Tesla is confident about China’s development, and the epidemic was just a temporary test and challenge, quoted by Vice President Tao Lin as saying on domestic media on Sunday. “We’ve also seen that the ability to cope with life’s challenges and reserve the right to work, and believe. [production] will return to normal soon. ”

Tesla, the US electric carmaker, suffered the most recent outbreak in Shanghai, generating $ 4.65 billion in China in the first quarter of 2022, a year-on-year increase of 52.8 percent. China is now Tesla’s second-largest market, accounting for 24.8 percent of the company’s revenue.

China’s rose to 25.6 percent to 379.87 billion yuan ($ 59.09 billion) year-on-year

A survey conducted by the China Council on International Trade on Foreign Trade ‘shows that 86 percent of surveyed enterprises were satisfied with China’s foreign investment stabilization policy.

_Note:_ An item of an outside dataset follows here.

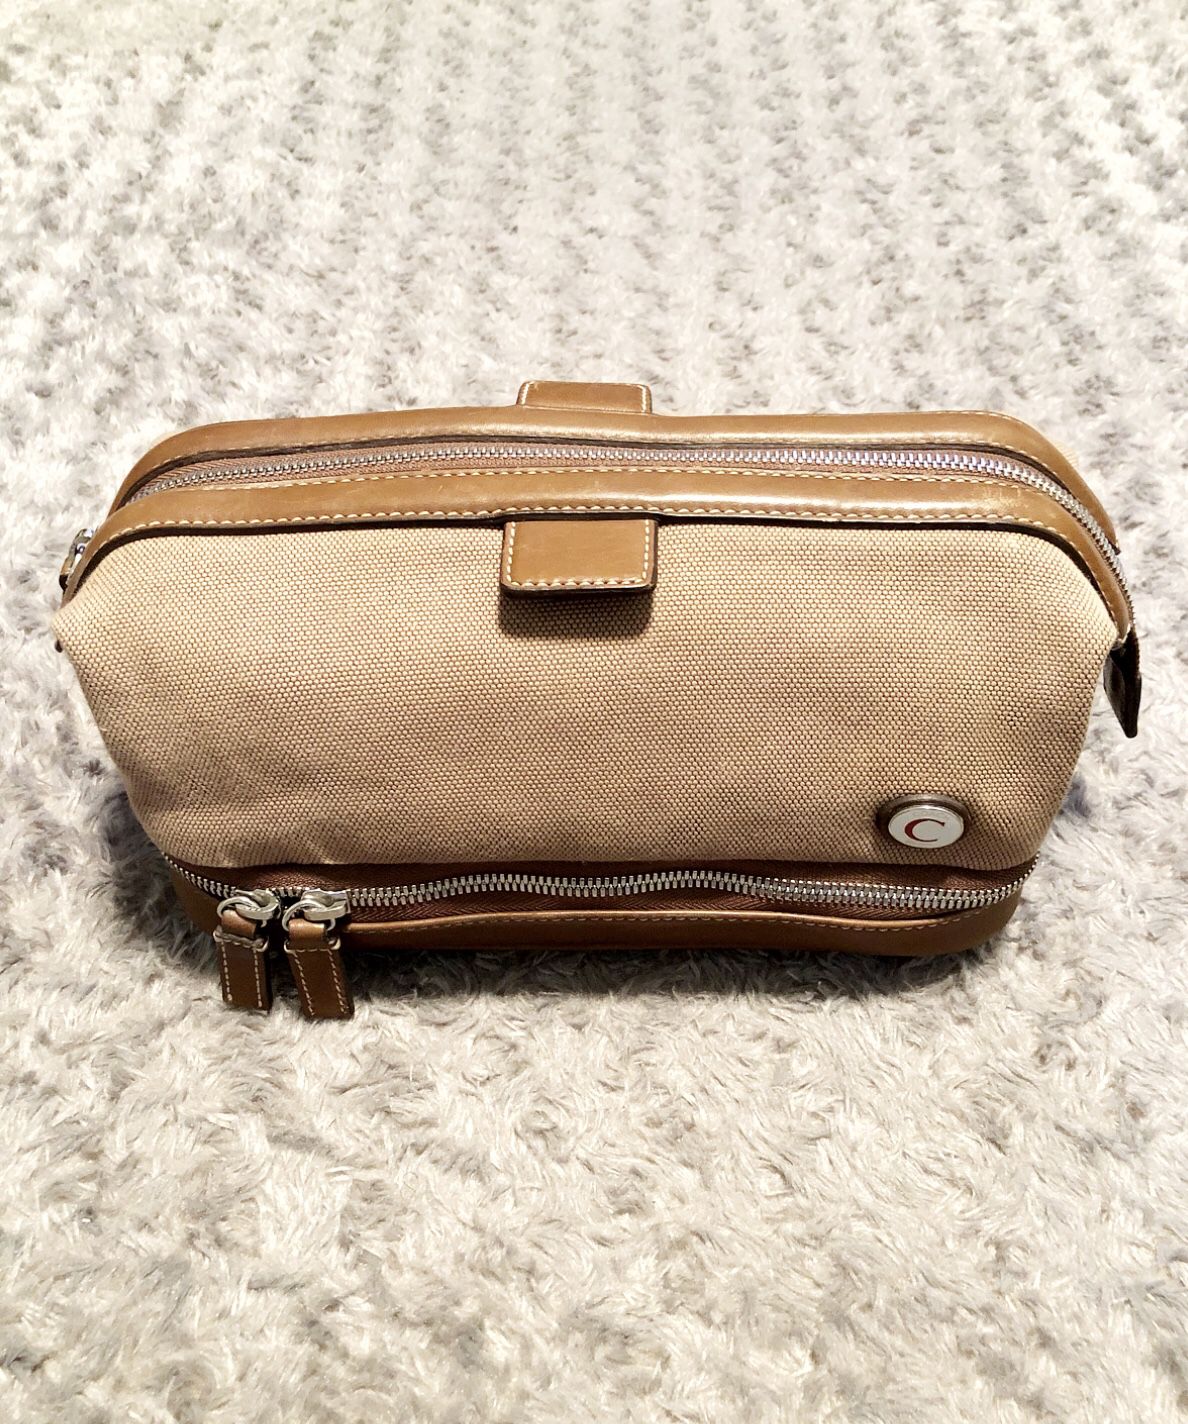 Men’s Coach toiletry bag paid $125 great condition No. E3L-5044 very nice travel bag with lot of storage space! Classic must have for men.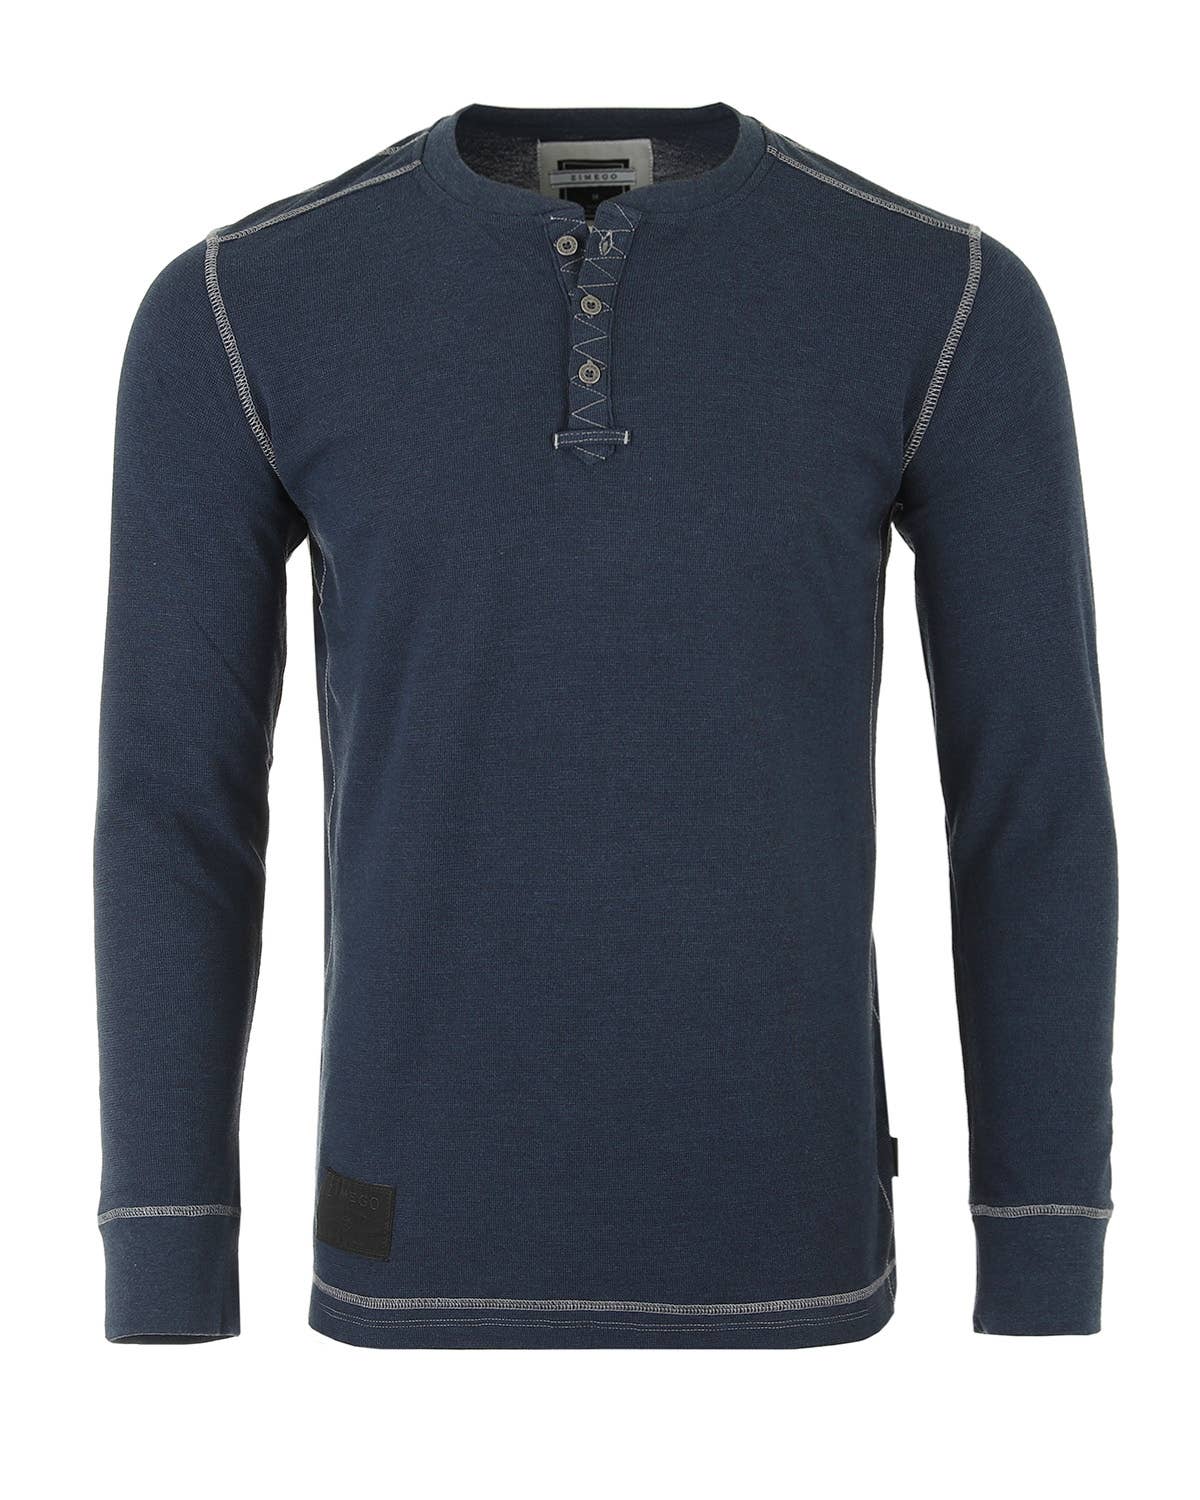 Long Sleeve Lightweight Thermal Athletic Henley

“There are indeed dictating China theory behind political motives, especially during the current Russia-Ukraine conflict,” He Weiwen, former economic and commercial counselor at the Chinese Consulate General in San Francisco and New York, and senior fellow China and Globalization, told The Global Times on Sunday.

The US wants to take this opportunity to curb China’s rise to the global supply chain, restructure the current global economy and “small cliques” into the economic sector, he said.

Support from the govt

Starbucks, Apple, and other major US-listed companies have warned in a quarterly earnings report that they are facing major negative impacts on current outbreaks of their businesses.

For instance, Starbucks said 23 percent of the same-store sales fell to China in April, the same quarter last year. That is far worse than the 0.2 percent increase analysts expected, according to FactSet.

But the coffeehouse chain said it still expected its China business to be bigger than the US in the long term.

Apple said the epidemic restrictions would likely hit $ 4 billion to $ 8 billion – “substantially more” than the last quarter. The other factor is ongoing chip shortages, CNBC reported, citing management as saying on an April 28 earnings call.

Chinese authorities, while fully aware of the situation, have been working on the situation for weeks. Foreign firms are also the first batch of lists to support government support.

China’s Ministry of Commerce (MOFCOM) said on April 21 that it will go into all-out further coordinating and solving difficulties, including transportation snags and production and operation reservation issues, while ensuring that foreign-funded companies have effective epidemic control while in China.

Specific efforts, including smoothing transportation channels, optimizing epidemic prevention and control measures, organizing and ensuring emergency and key supplies, have been carried out.

In a recent meeting between Commerce Minister Wang Wentao and foreign business representatives in China, the supply chain disruption posed by the Chinese government’s active response to foreign business concerns.

China’s key role in supply chains, and its interconnected relationships and labor distributions with other major economies in the world, will soon be a source of attractiveness for foreign firms, Weiwen said. short-term disruptions.

Companies are also eyeing new opportunities such as the digital economy, which also represents a path to their future growth. Yu Feng, President of Honeywell China, told The Global Times on Sunday that the low-carbon and digital economy has brought about “broad prospects” for development.

But China’s advantage still lies in manufacturing medium and low-end products, he said.